RE: Option to disable Robots Rule checking

2015-01-29 Thread Markus Jelsma

I am happy with is alternative! :)

-Original message-
 From:Mattmann, Chris A (3980) chris.a.mattm...@jpl.nasa.gov
 Sent: Thursday 29th January 2015 1:21
 To: dev@nutch.apache.org dev@nutch.apache.org
 Subject: Re: Option to disable Robots Rule checking

 Seb I like this idea what do you think Lewis and Markus. Thanks that would 
 help me and my use case 

 Sent from my iPhone

  On Jan 28, 2015, at 3:17 PM, Sebastian Nagel wastl.na...@googlemail.com 
  wrote:

  Hi Markus, hi Chris, hi Lewis,

  -1 from me

  A well-documented property is just an invitation to
  disable robots rules. A hidden property is also no
  alternative because it will be soon documented
  in our mailing lists or somewhere on the web.

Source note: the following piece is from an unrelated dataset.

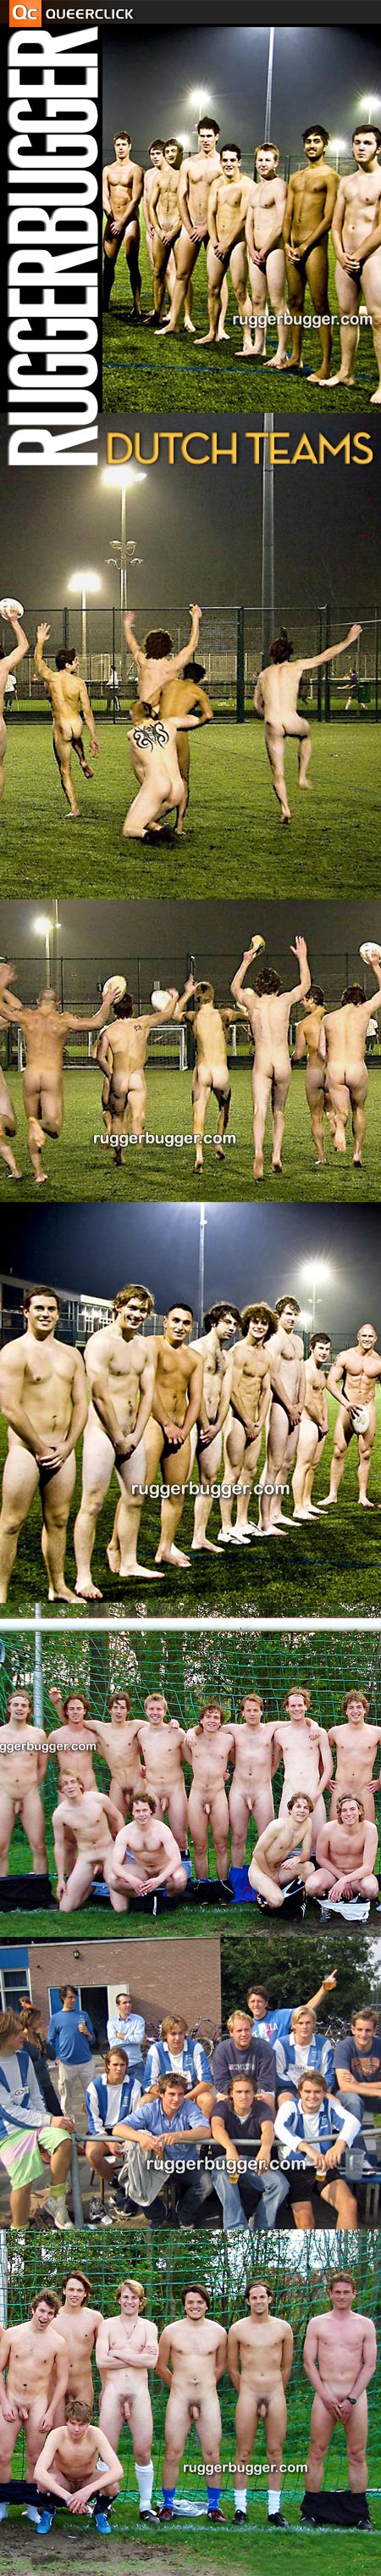 Dutch teams that love to go naked at Ruggerbugger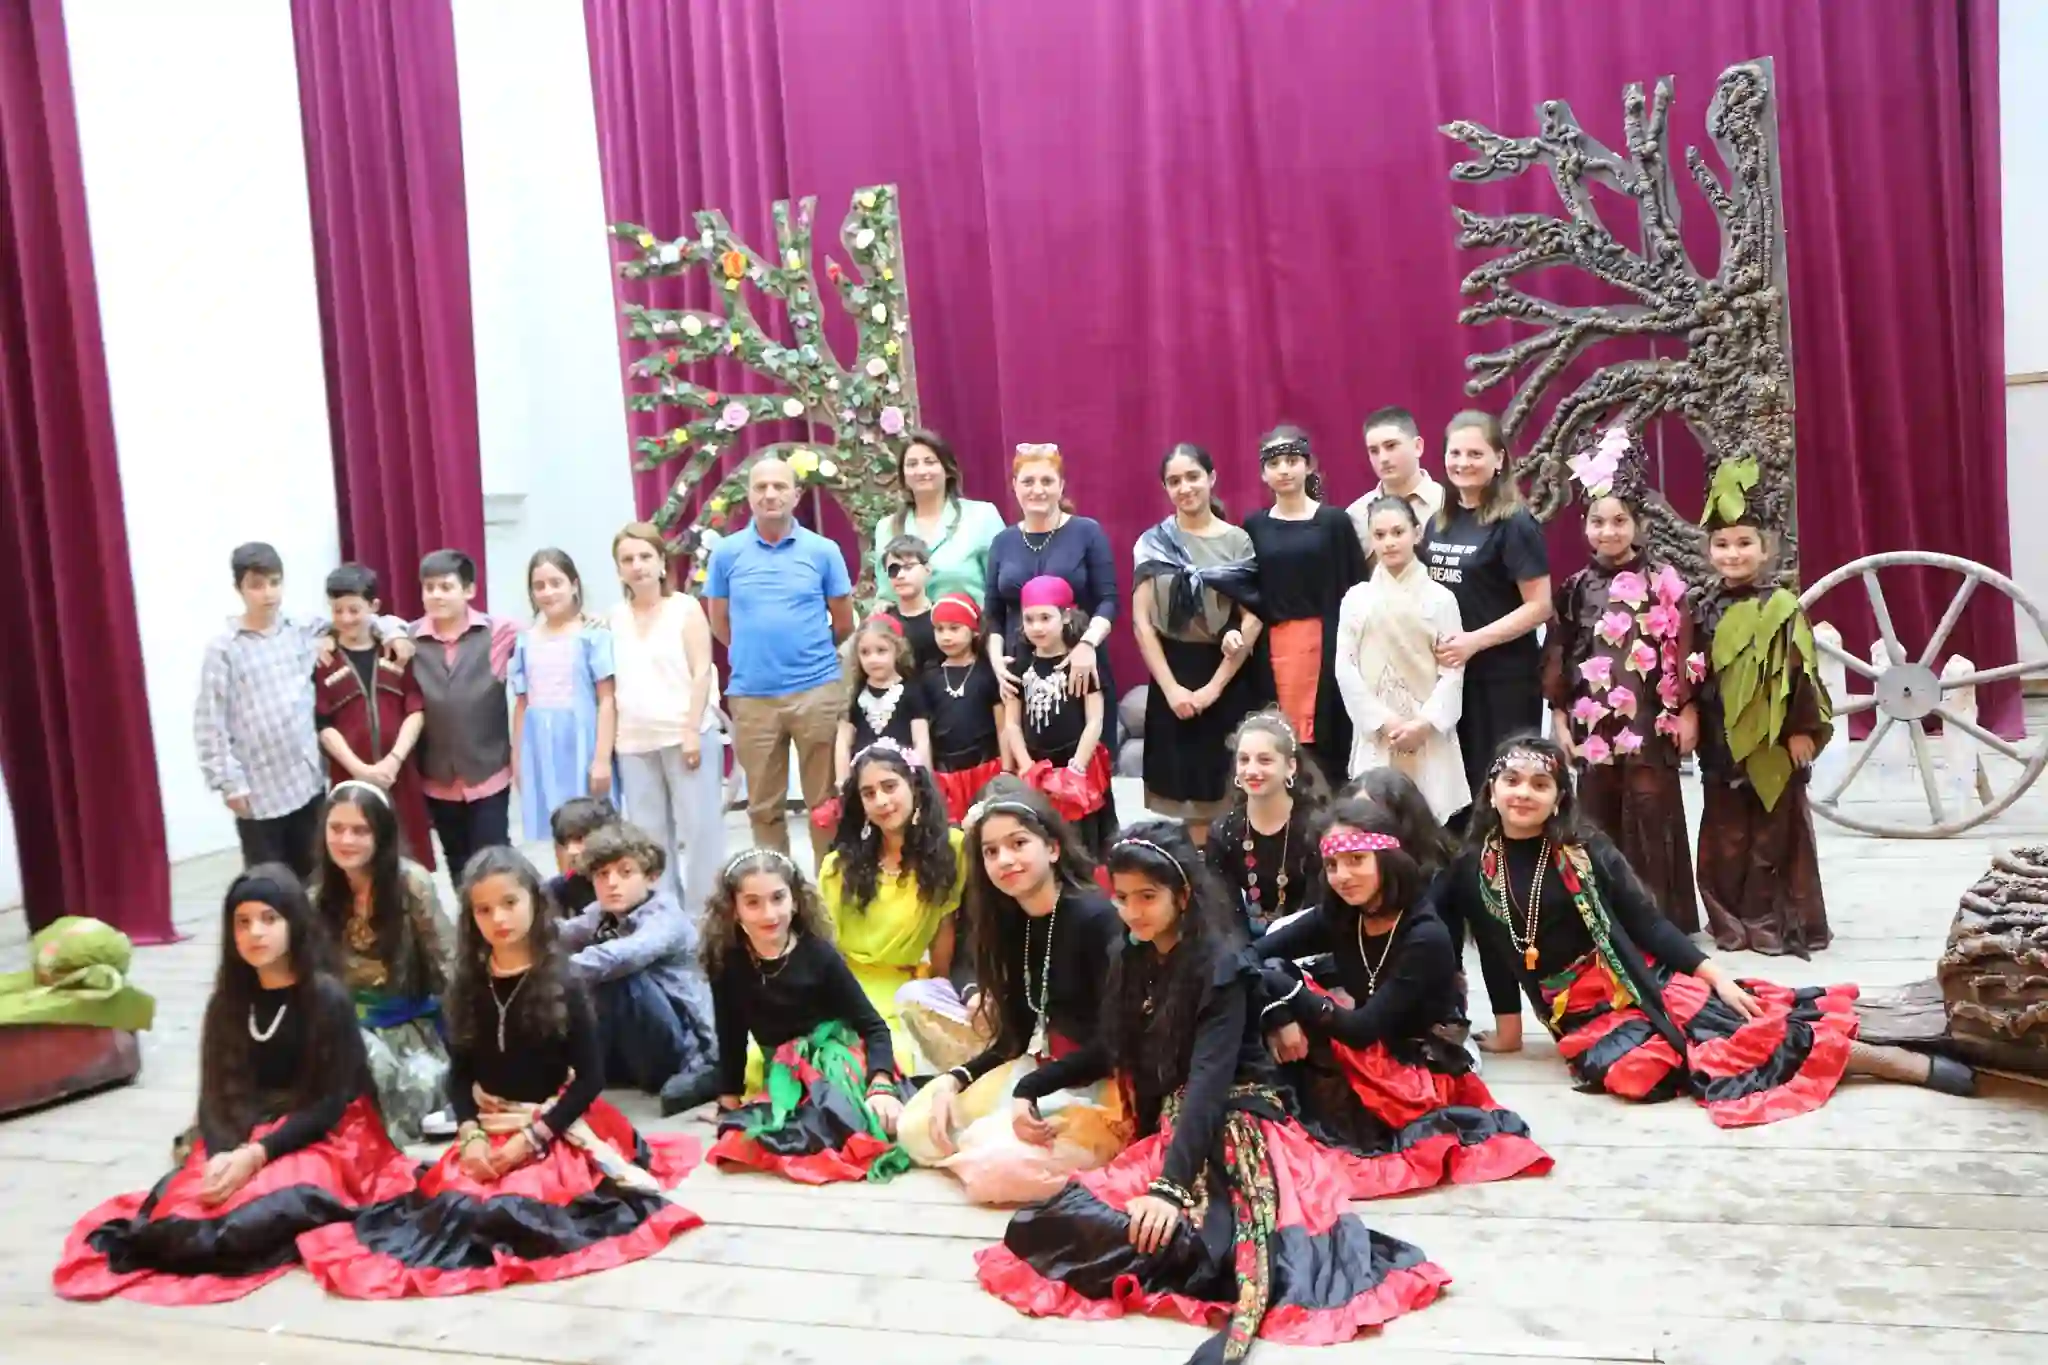 Keda: Special children's festival held at a culture center credit: Facebook/keda municipality

  And shall we really remove or reformulate
  Our software obeys the robots.txt exclusion standard
  on http://nutch.apache.org/bot.html ?

  Since the agent string sent in the HTTP request always contains /Nutch-x.x
  (it would require also a patch to change it) I wouldn't make
  it too easy to make Nutch ignore robots.txt.

  As you already stated too, we have properties in Nutch that can
  turn Nutch into a DDOS crawler with or without robots.txt rule
  parsing. We set these properties to *sensible defaults*.

  If the robots.txt is obeyed web masters can even prevent this
  by adding a Crawl-delay rule to their robots.txt.

  (from Chris):
  but there are also good [security research] uses of as well

  (from Lewis):
  I've met many web admins recently that want to search and index
  their entire DNS but do not wish to disable their robots.txt filter
  in order to do so.

  Ok, these are valid use cases. They have in common that
  the Nutch user owns the crawled servers or is (hopefully)
  explicitly allowed to perform the security research.

  What about an option (or config file) to exclude explicitly
  a list of hosts (or IPs) from robots.txt parsing?
  That would require more effort to configure than a boolean property
  but because it's explicit, it prevents users from disabling
  robots.txt in general and also guarantees that
  the security research is not accidentally extended.

  Cheers,
  Sebastian

  On 01/28/2015 01:54 AM, Mattmann, Chris A (3980) wrote:
  Hi Markus,

  Thanks for chiming in. I’m reading the below and I see you
  agree that it should be configurable, but you state that
  because Nutch is an Apache project, you dismiss the configuration
  option. What about it being an Apache project makes it any less
  ethical to simply have a configurable option that is turned off
  by default that allows the Robot rules to be disabled?

  For full disclosure I am looking into re-creating DDOS and other
  attacks doing some security research and so I have valid use cases
  here for wanting to do so. You state it’s easy to patch Nutch (you
  are correct for that matter, it’s a 2 line patch to Fetcher.java
  to disable the RobotRules check. However, how is it any less easy
  to have a 1 line patch that someone would have to apply to *override*
  the *default* behavior I’m suggesting of RobotRules being on in
  nutch-default.xml? So what I’m stating literally in code is:

  1. adding a property like nutch.robots.rules.parser and setting it’s
  default value to true, which enables the robot rules parser, putting
  this property say even at the bottom of nutch-default.xml and
  stating that improper use of this property in regular situations of
  whole web crawls can really hurt your crawling of a site.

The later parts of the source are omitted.